____ Source information
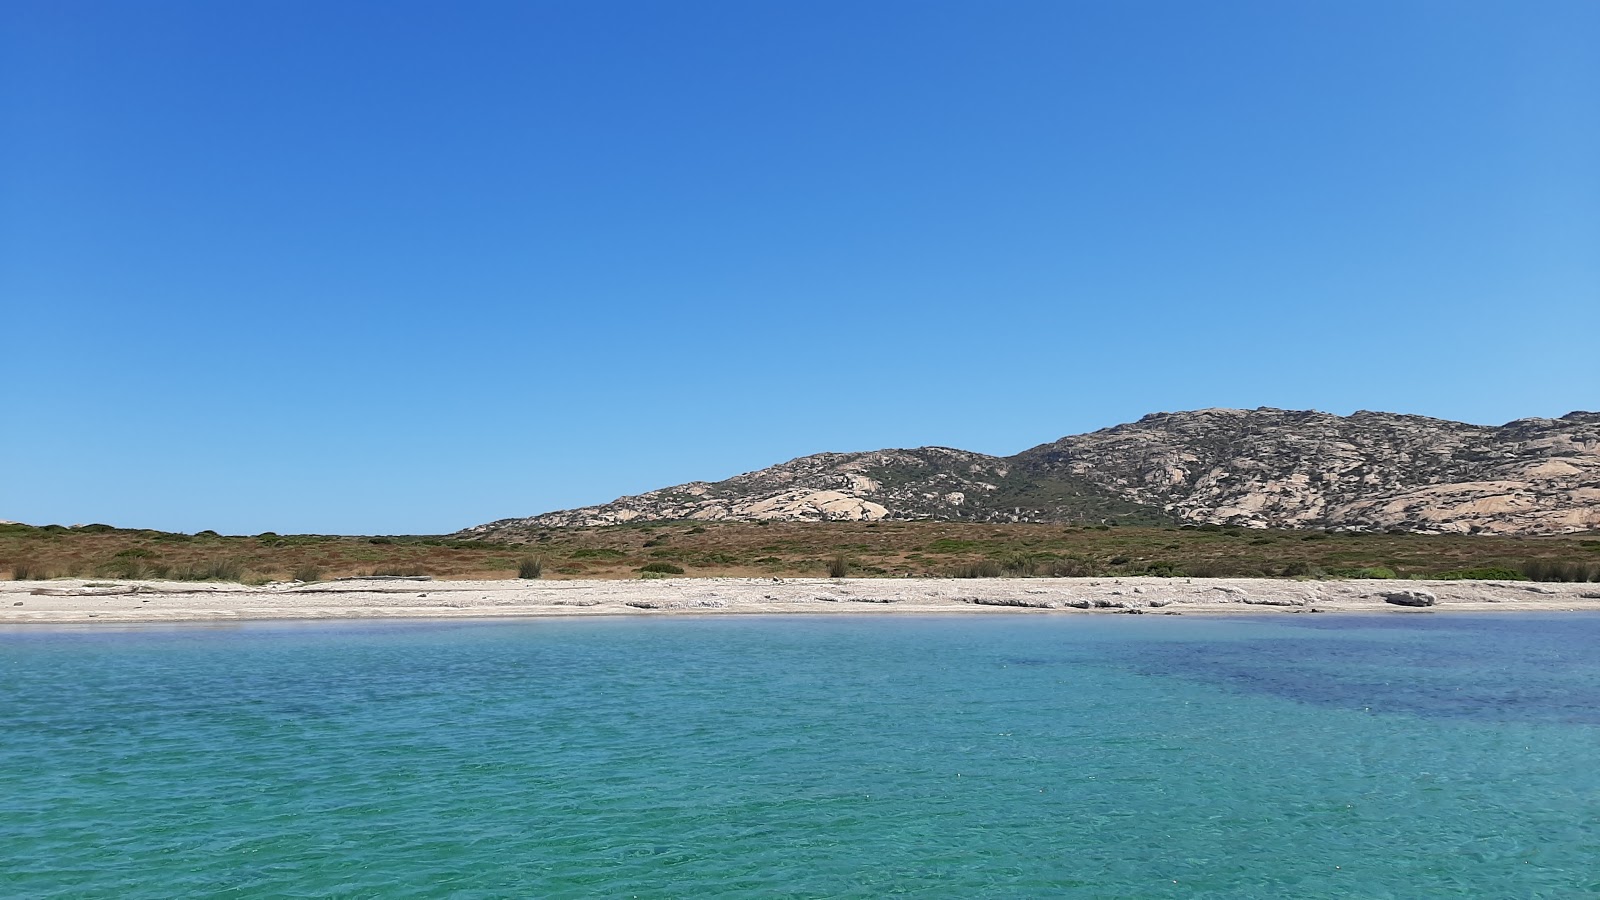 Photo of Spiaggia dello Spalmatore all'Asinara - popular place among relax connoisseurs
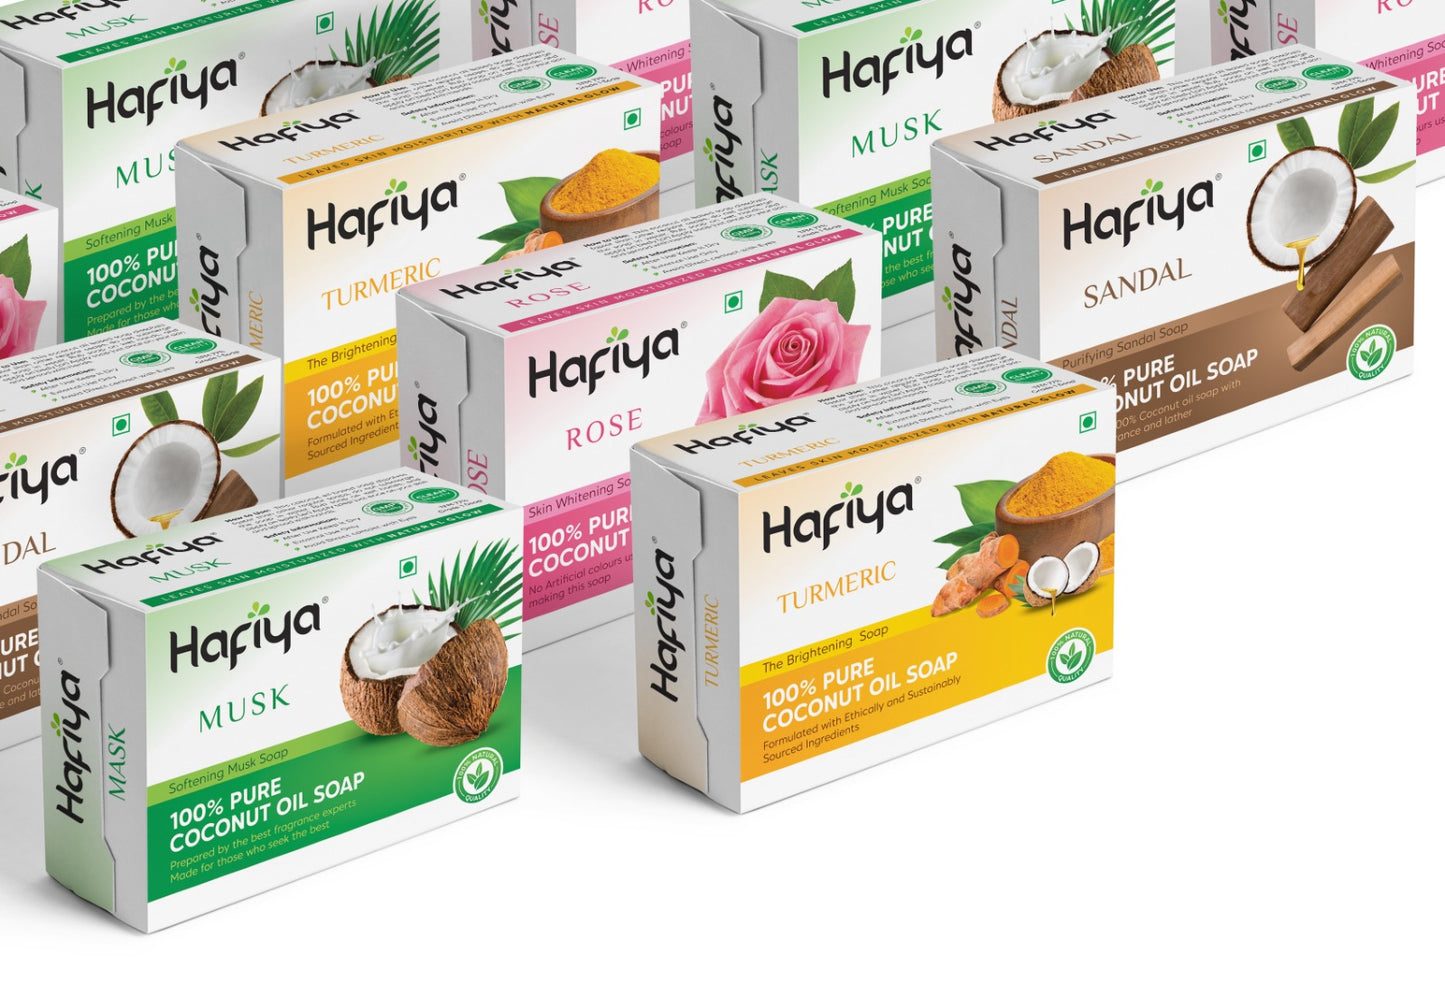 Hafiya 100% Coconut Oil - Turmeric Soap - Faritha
________
____ Source information
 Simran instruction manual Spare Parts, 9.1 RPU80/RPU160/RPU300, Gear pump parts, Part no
________
____ Source information
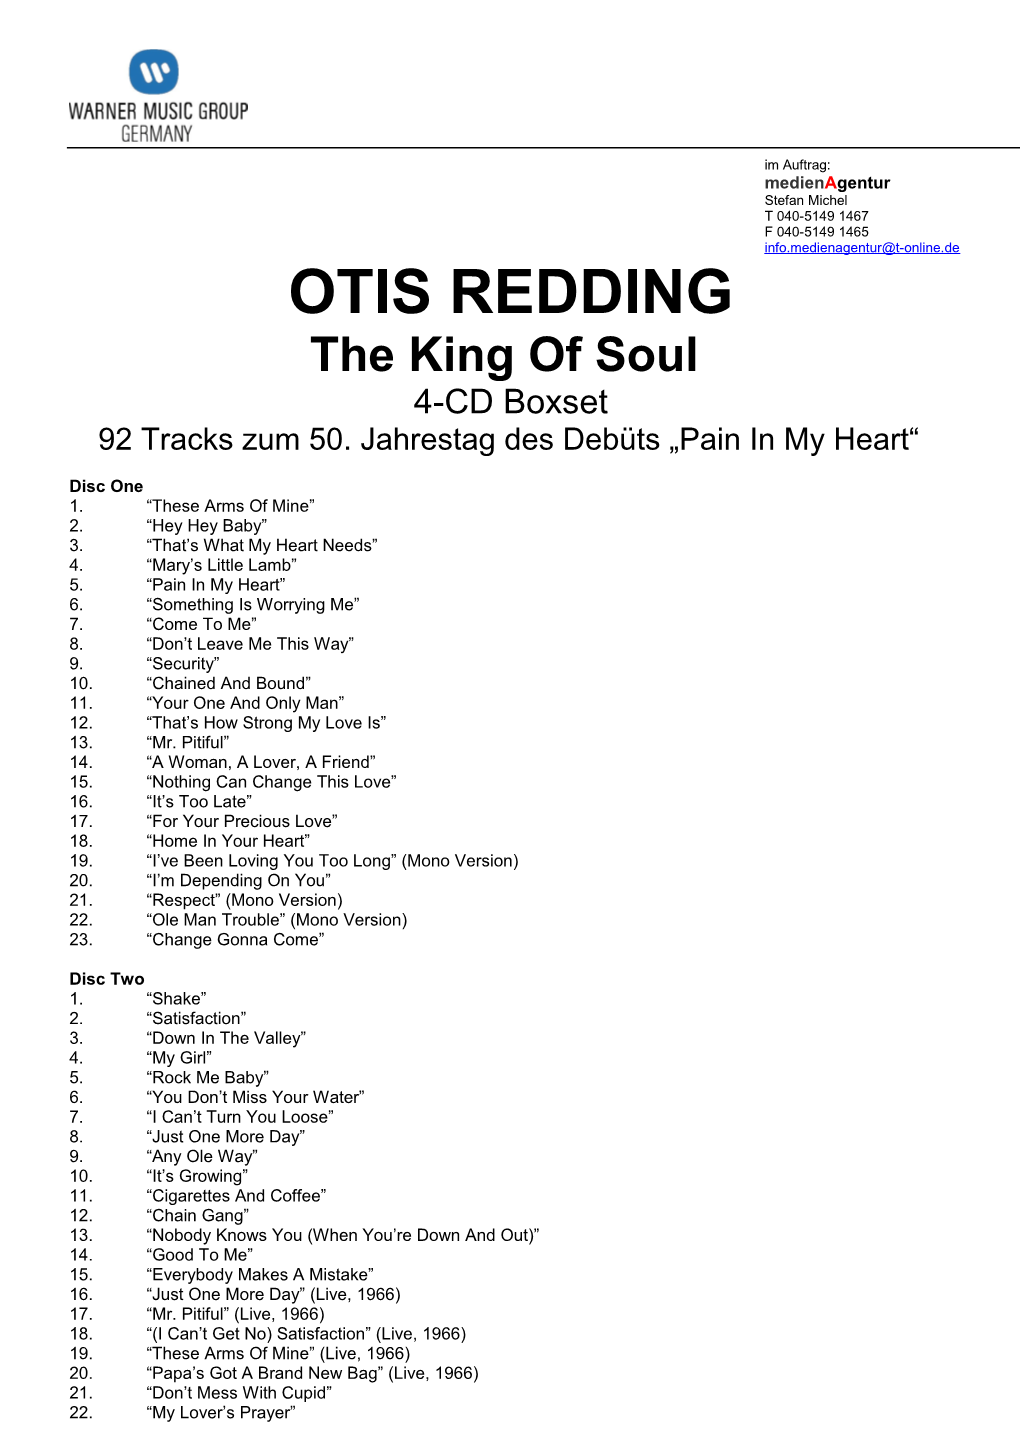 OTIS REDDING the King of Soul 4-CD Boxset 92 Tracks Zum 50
________
To do
In the listing above, find the line with "Photo of Spiaggia" and the line with "Hafiya 100% Coconut". Copy both of them and every line between, exactly, but not the pictures.

Answer space
 Photo of Spiaggia dello Spalmatore all'Asinara - popular place among relax connoisseurs
 Hafiya 100% Coconut Oil - Turmeric Soap - Faritha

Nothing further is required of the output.